Przykład radykalnej gościnności znaleźć można w Czarnym filmie (1971) Želimira Žilnika. Reżyser zebrał dziesięciu bezrobotnych (a zatem bezdomnych) z ulicy i przyprowadził ich do swego mieszkania, by „rozwiązać problem ich bezdomności”. W tamtych czasach wyobrażanie sobie i tworzenie radykalnie odmiennej przyszłości na drodze gościnności było jeszcze możliwe.
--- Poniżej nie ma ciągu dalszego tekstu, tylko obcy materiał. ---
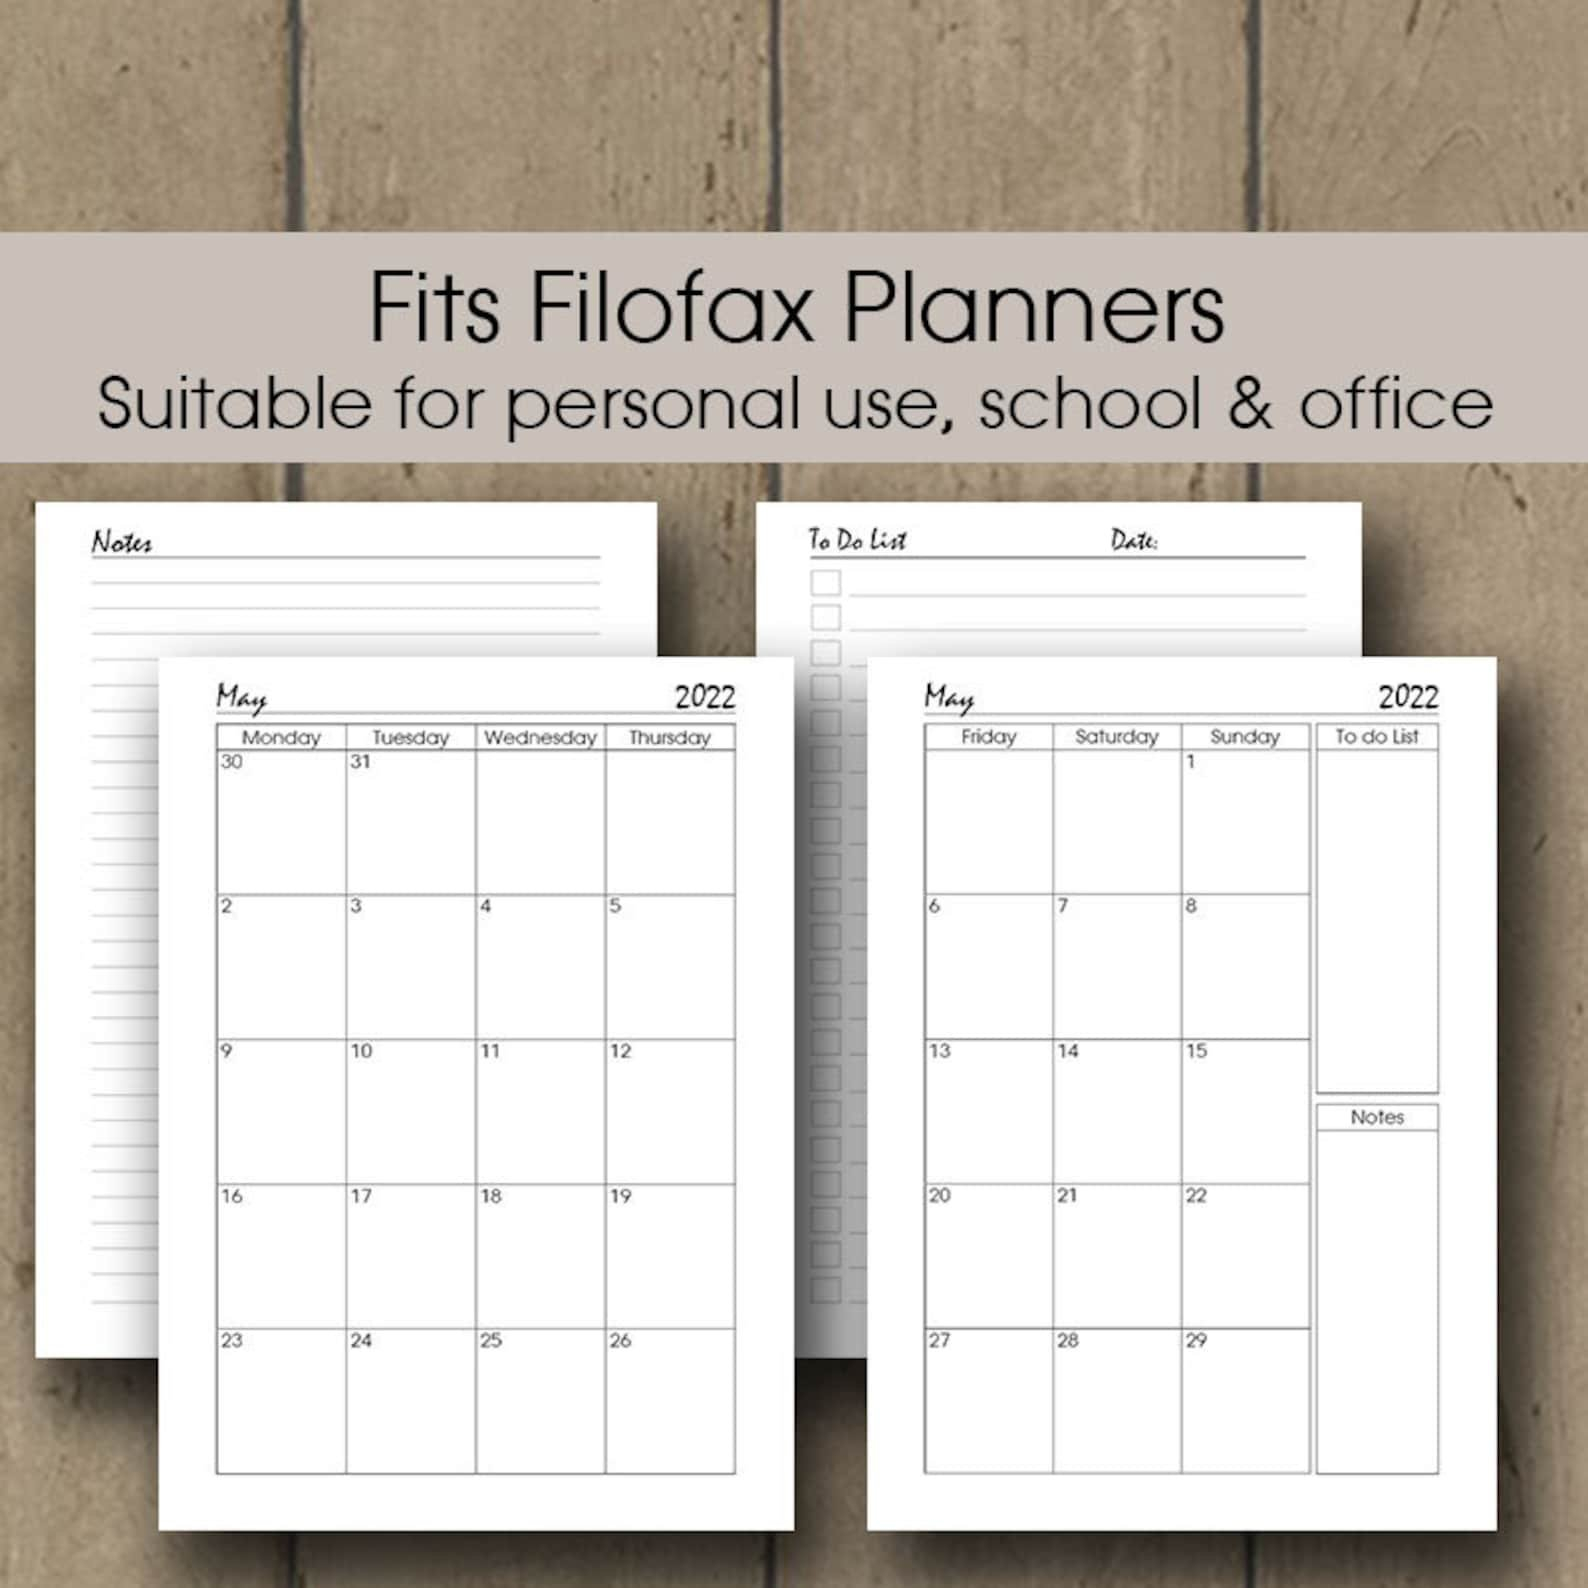 Printable Planner 2022 Daily Weekly Planner Insert 2022 A4 throughout Printable Daily Planner 2022 Image
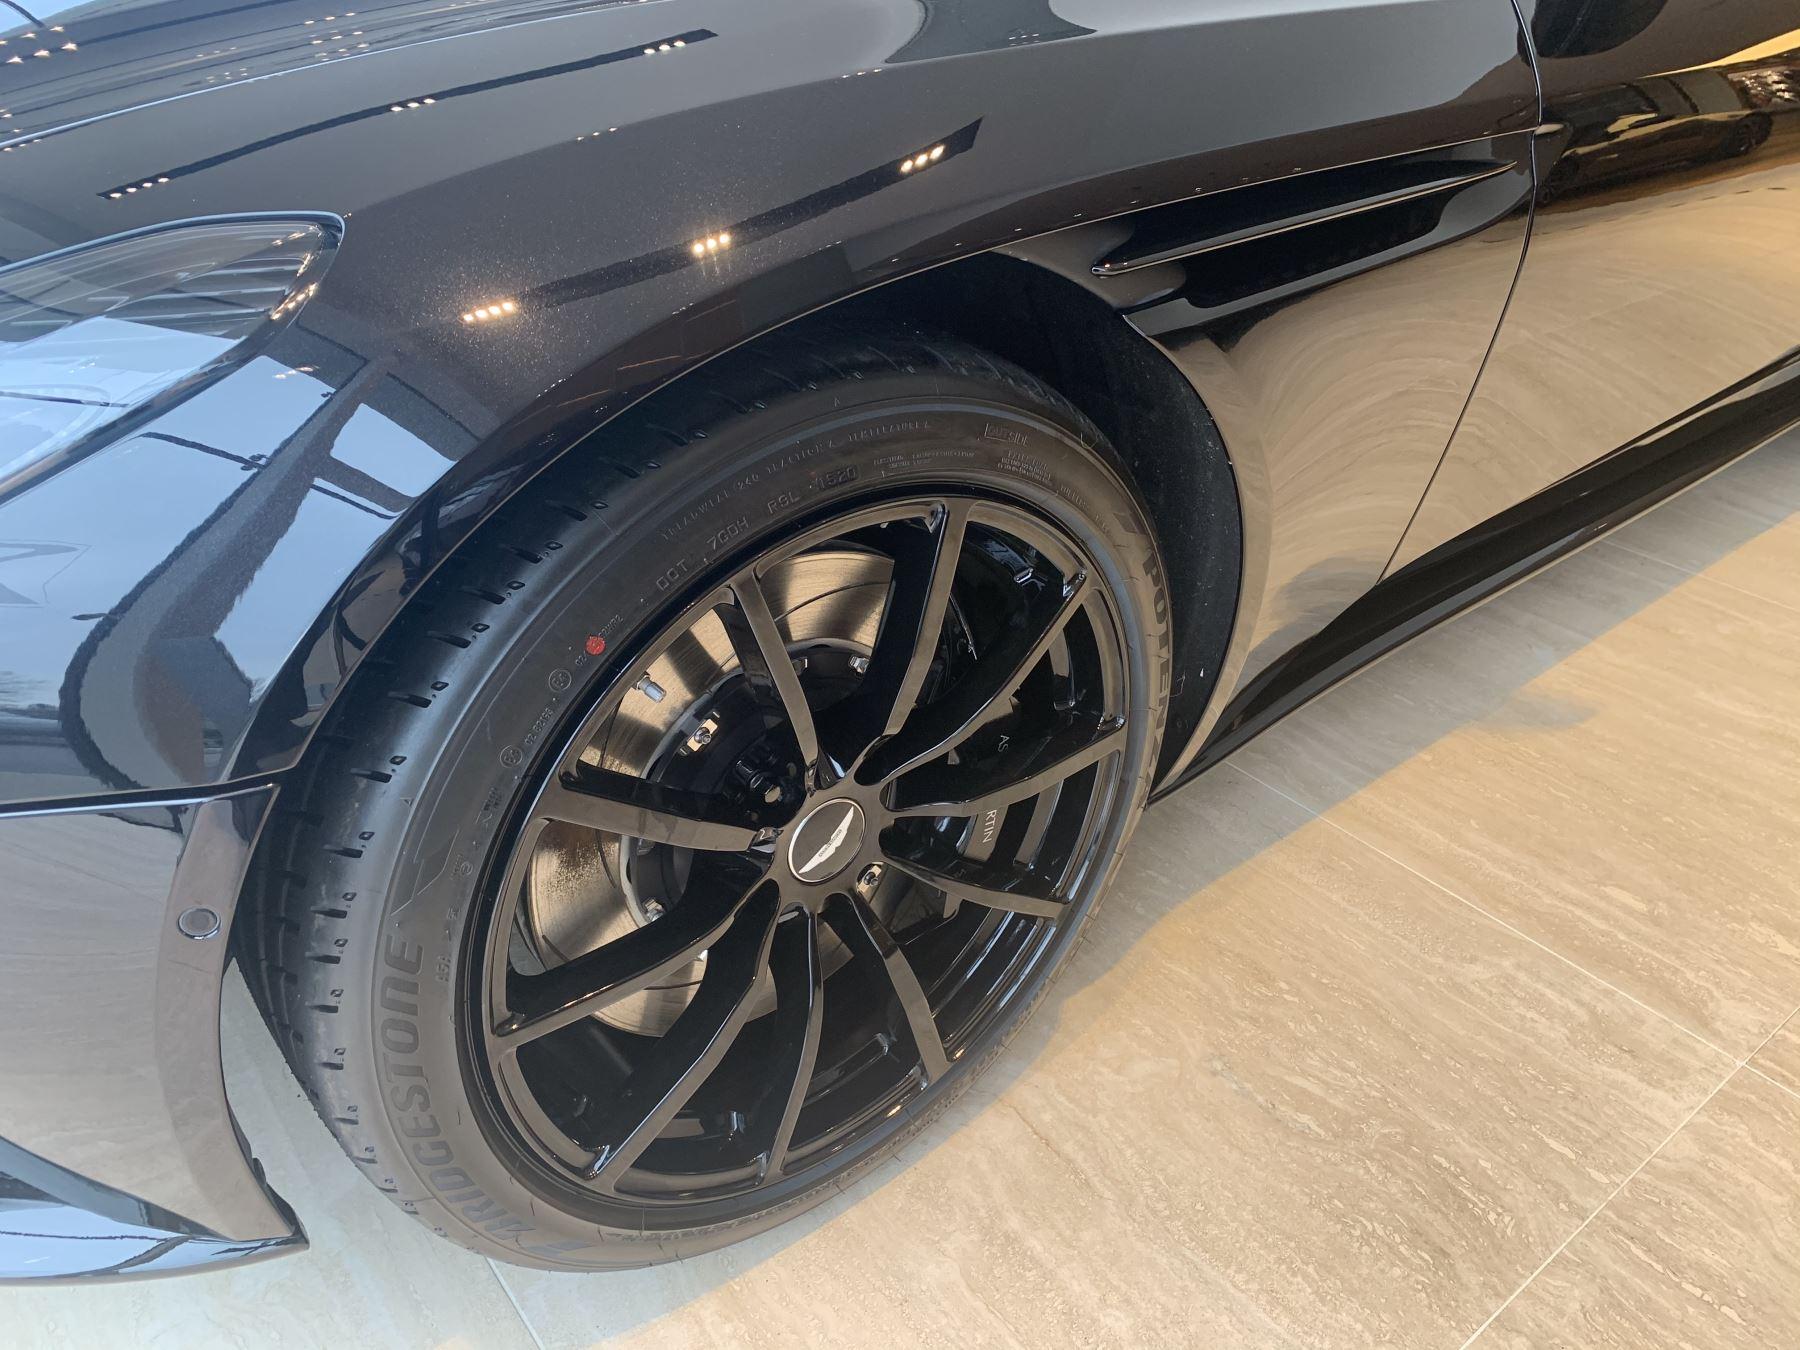 Aston Martin DB11 V8 Touchtronic image 10

Gościnność manifestuje się w praktyce kuratorów-gospodarzy, artystów i publiczności w przynajmniej dwóch filozoficznych interpretacjach tej koncepcji: podczas gdy uniwersalna gościnność Immanuela Kanta wciąż ma zastosowanie, radykalna gościnność1 Jacquesa Derridy wydaje się iść trochę za daleko w kontekście obecnego wzrostu nastrojów populistycznych.

Kadr z filmu Black Film w reżyserii Želimira Žilnika (1971).

Kadr z filmu Black Film w reżyserii Želimira Žilnika (1971).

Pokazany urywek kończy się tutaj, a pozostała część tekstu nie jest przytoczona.